An article published in Frontiers in Conservation Science in January 2021 found that “future environmental conditions will be far more dangerous than currently believed. The scale of the threats to the biosphere and all its lifeforms – including humanity, is in fact so great that it is difficult to grasp for even well-informed experts.” The article also states that “the science underlying these issues is strong, but awareness is weak.”

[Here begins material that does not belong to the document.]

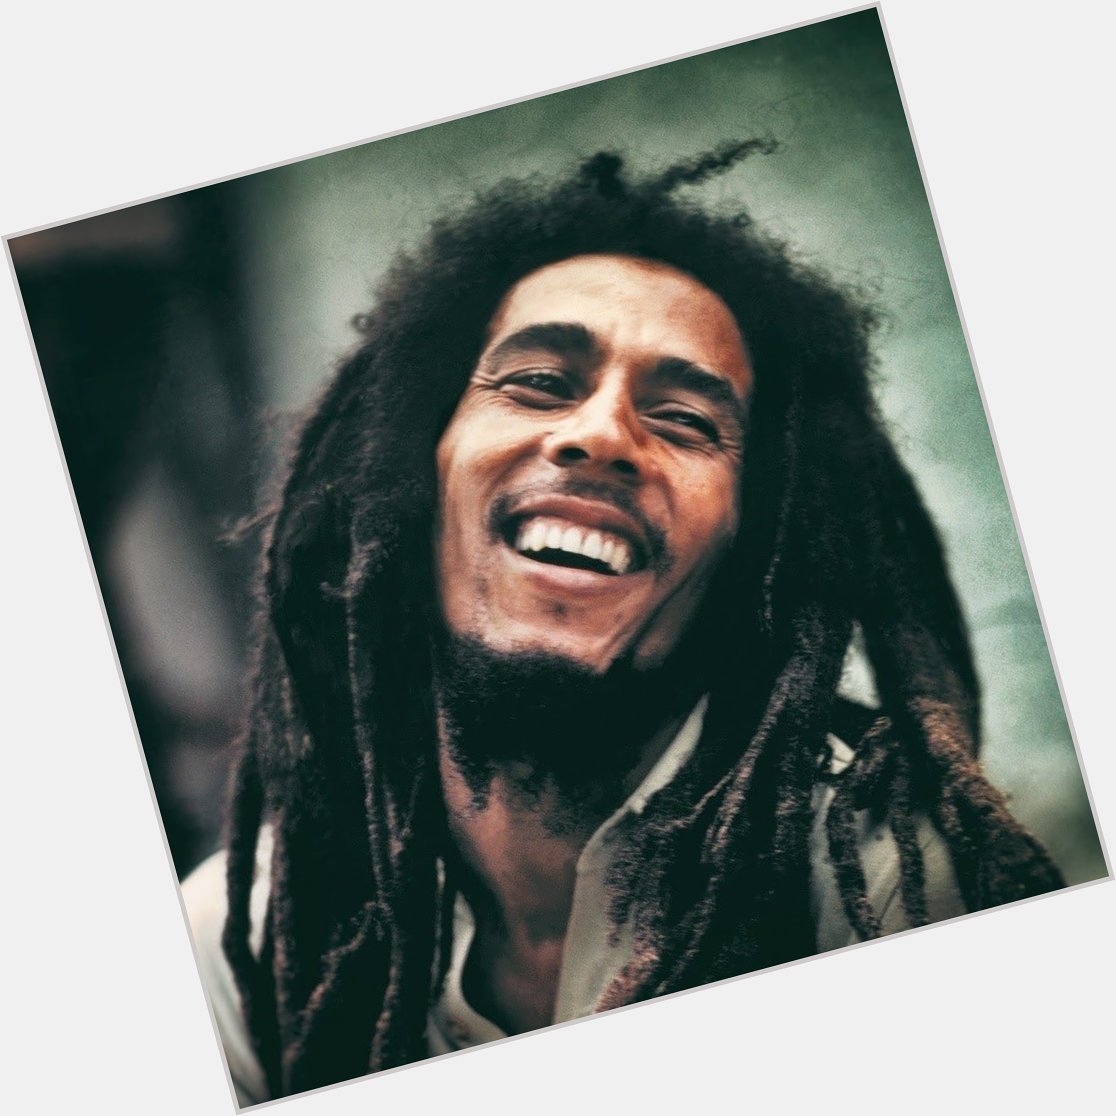 Happy Heavenly birthday to the iconic Bob Marley. He would have turned 77 today.

My current work explores these challenges and is influenced by biologist David George Haskell’s statement: “We are all – trees, humans, insects, birds, bacteria – pluralities. Life is embodied network. These living networks are not places of omnibenevolent oneness. Instead, they are where ecological and evolutionary tensions between cooperation and conflict are negotiated and resolved.” This work responds visually to scientific research around increased temperatures and its effect on oceans, coral reefs, forests, extreme floods, droughts and wildfires, and mass internal and external migration. The writer Oliver Sacks wrote: “I have been a sentient being, a thinking animal, on this beautiful planet, and that in itself has been an enormous privilege and adventure!” And poet Mark Strand’s memorable words come to mind: “It’s such a lucky accident, having been born, that we’re almost obliged to pay attention.” He said: “We are only here for a short while. And I think it’s such a lucky accident, I mean, we are – as far as we know, the only part of the universe that is self-conscious. We could even be the universe’s form of consciousness. Most of our experience is that of being a witness. We see and hear and smell, I think being alive is responding.”

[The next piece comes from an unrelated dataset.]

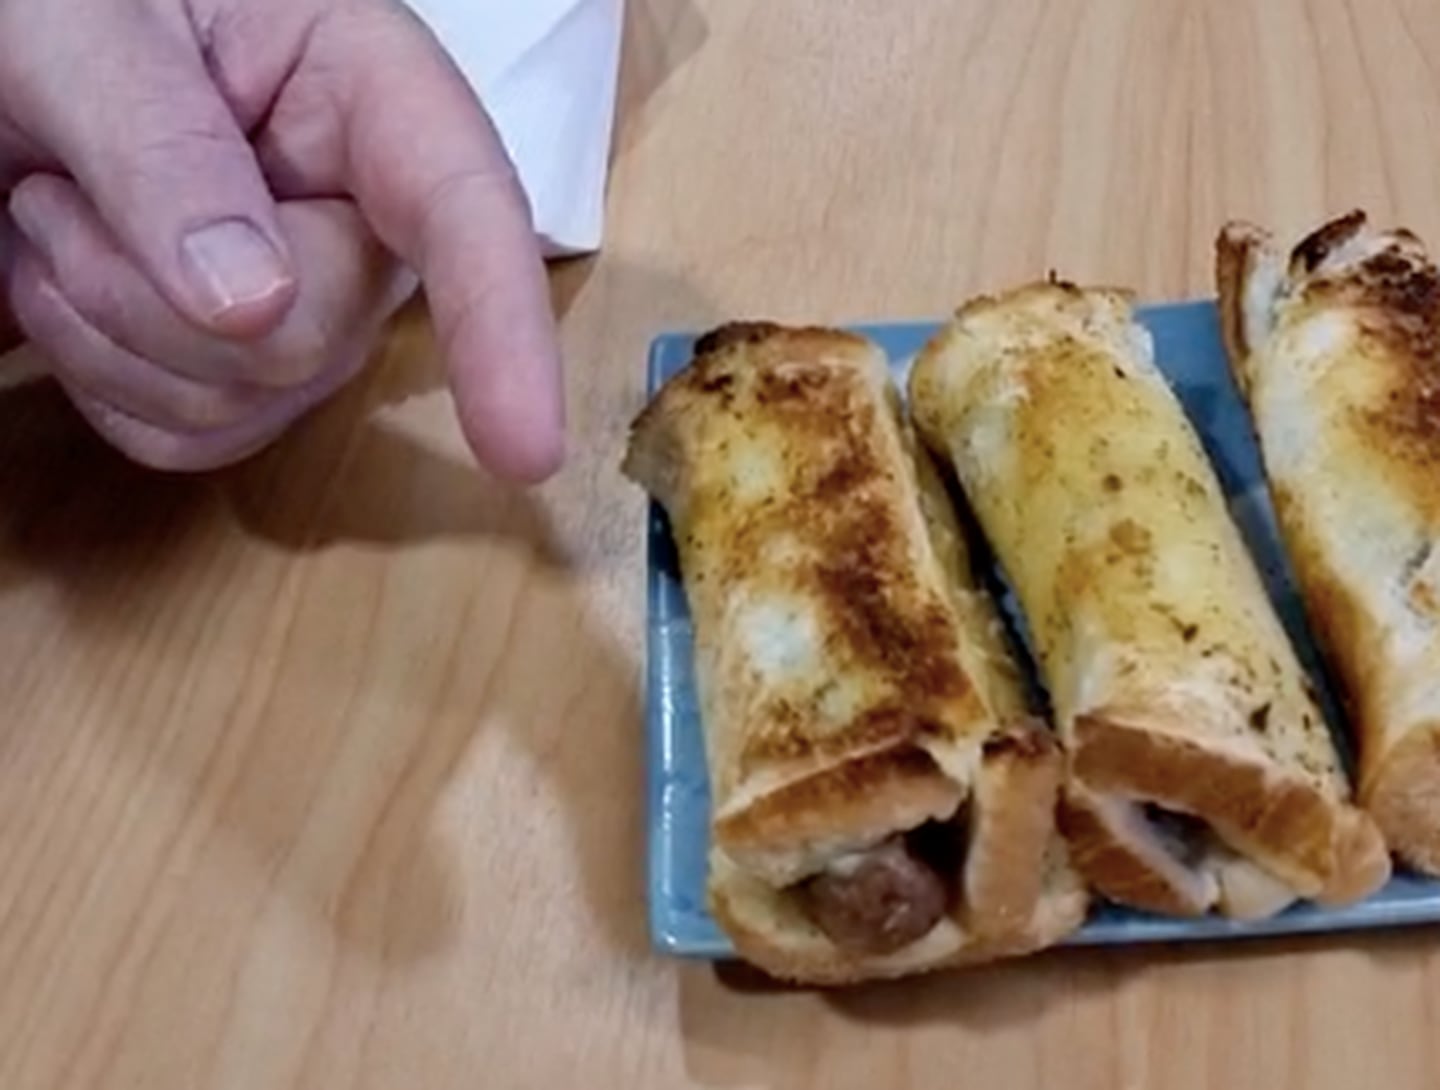 Cheese rolls with added sausage. Photo / Facebook

That pretty much sums it up for me.
(Top image: Scream (detail), 150 x 158 cm, mixed media drawing, 2020)
Tessa Teixeira was born in South Africa. She graduated from WITS University in 1991 with a BprimED, majoring in Art. She has worked in access for housing projects for lower income sectors, started a NGO and raised the money to build two schools for primary school children, and worked for The Mineworkers Development Agency, addressing rural development needs in South Africa. In 2006, she started her art practice and in 2010, she participated in short art courses in the US and UK. At the end of 2011, she returned to Johannesburg and developed her artwork focused on philosophy, climate and ecology.